I think your word snug describes it. As you probably know, wood expands and contracts with the environment, some room for glue is usually needed, dowels and glue have been known to split the wood from too much pressure, tolerances not as critical or close as metal machining. If the joint line looks good and there is no looseness in the finished piece I think your good to go.


----------



## cabinetman (Jul 5, 2007)

Fitted and mating parts should fit with a slight friction. Clamping pressure in time becomes learned. But, a small amount of squeezeout (I call *spooging*), means the parts that touch are dispersing glue. If the parts fit well, and there is a light coating of all surfaces, not much will squeeze out. Here is a thread that may add some info:

http://www.woodworkingtalk.com/f5/can-you-really-squeeze-all-glue-out-25283/












 







.


----------



## BWSmith (Aug 24, 2010)

http://en.wikipedia.org/wiki/Gauge_block


Theres a direct correlation to "fit-up" and how that prescribes or affects finished system........be it wood,metal,plastic,you name it,when all things are consider'd.Just sayin........BW


----------



## Leo G (Oct 16, 2006)

One of the things a lot of guys don't take into consideration is the water in the glue. After you put the glue on the parts they swell a bit. And if you have parts that are tight to begin with they may not go together after the glue is on.

I was making doors with my standard shaper setup. I had just gotten a bunch of shims and I tuned up the cutters so everything fit very nice. When I went to put the doors together I had to use the clamps to get the joints to seat all the way because the glue had swollen the wood ever so slightly. After that I detuned the fit a bit. Made it so it was almost snug. Easy in and out but when you twisted the parts you really couldn't see movement. So very little slop.


----------



## Brink (Nov 22, 2010)

Leo G said:


> One of the things a lot of guys don't take into consideration is the water in the glue. After you put the glue on the parts they swell a bit. And if you have parts that are tight to begin with they may not go together after the glue is on.
> 
> I was making doors with my standard shaper setup. I had just gotten a bunch of shims and I tuned up the cutters so everything fit very nice. When I went to put the doors together I had to use the clamps to get the joints to seat all the way because the glue had swollen the wood ever so slightly. After that I detuned the fit a bit. Made it so it was almost snug. Easy in and out but when you twisted the parts you really couldn't see movement. So very little slop.

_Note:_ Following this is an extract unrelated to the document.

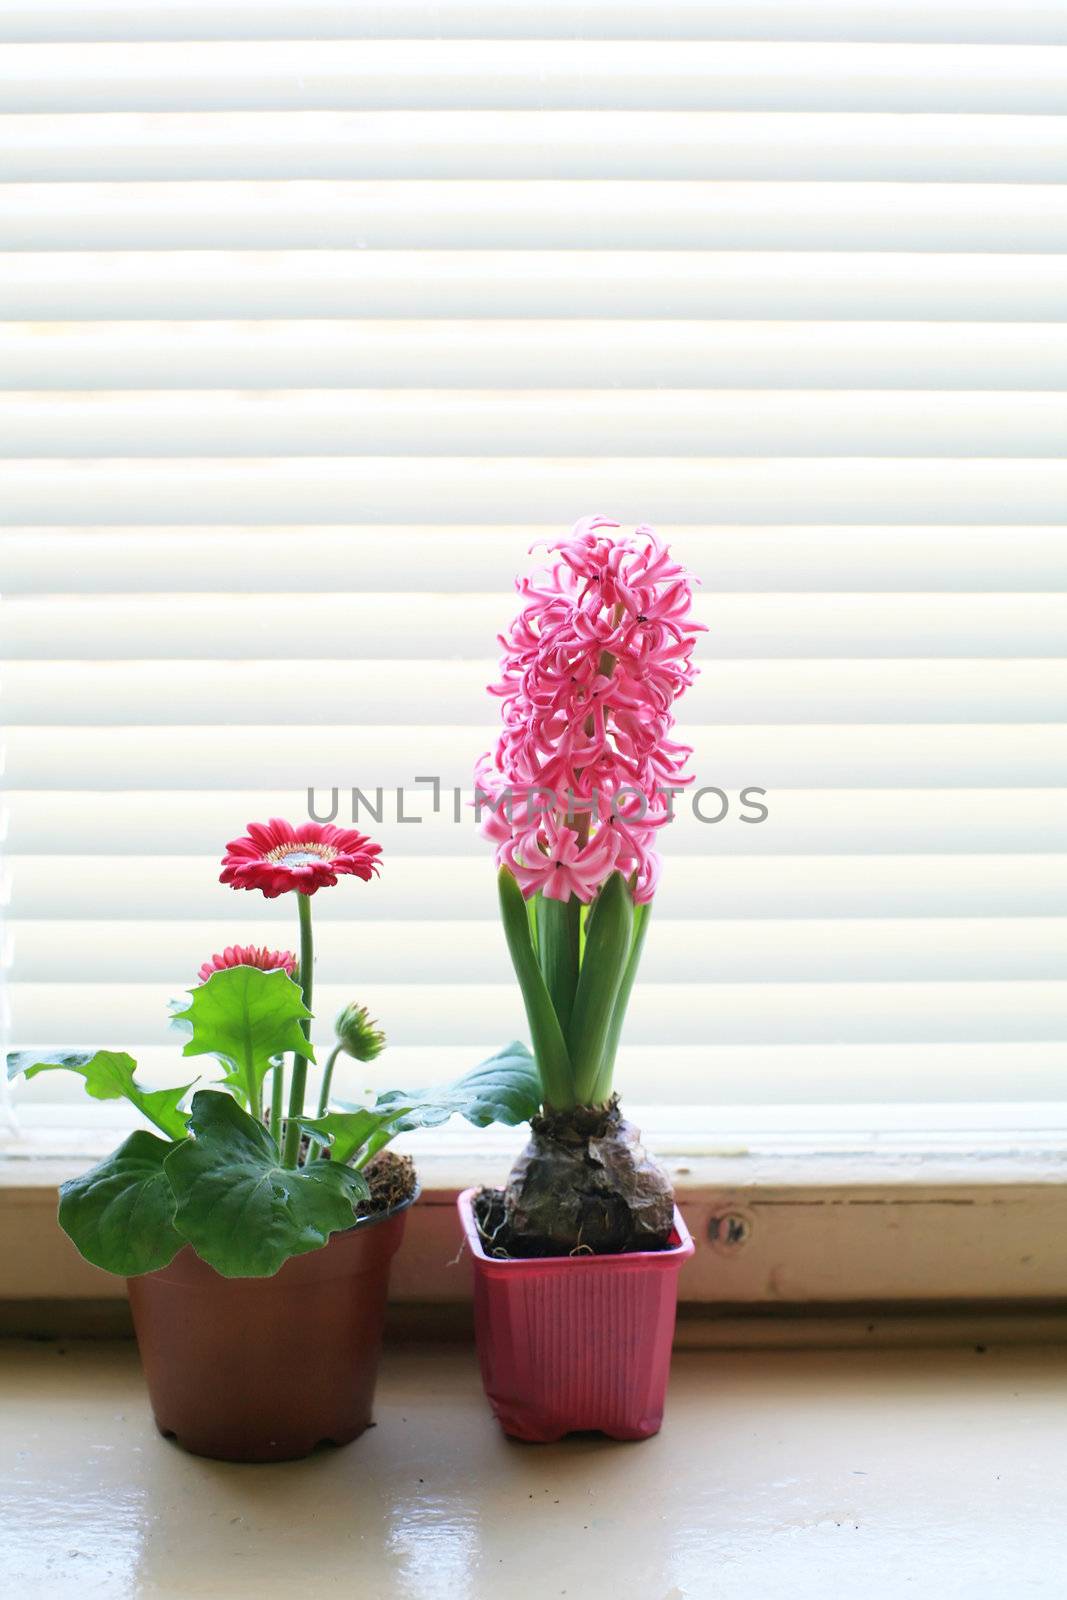 An image of two flowers in the pots

That's a real wake-up moment.... some "guy I know" (eyes rolling) had that happen.


----------



## rrbrown (Feb 15, 2009)

Welcome

I think everyone else has described the answer about the same but with slightly different words. So many different ways to say the same thing.


----------



## eigersa (Apr 17, 2011)

Leo G said:


> One of the things a lot of guys don't take into consideration is the water in the glue. After you put the glue on the parts they swell a bit. And if you have parts that are tight to begin with they may not go together after the glue is on.
> 
> I was making doors with my standard shaper setup. I had just gotten a bunch of shims and I tuned up the cutters so everything fit very nice. When I went to put the doors together I had to use the clamps to get the joints to seat all the way because the glue had swollen the wood ever so slightly. After that I detuned the fit a bit. Made it so it was almost snug. Easy in and out but when you twisted the parts you really couldn't see movement. So very little slop.


I had that problem today while laminating up a 3m x 620mm counter top. I thought I machined the rebates slightly loose to take the spines, but on gluing up I had to use the clamps to get the boards together. 

I think knowing how tight and how much glue and how much clamping pressure just comes with time and experience.


----------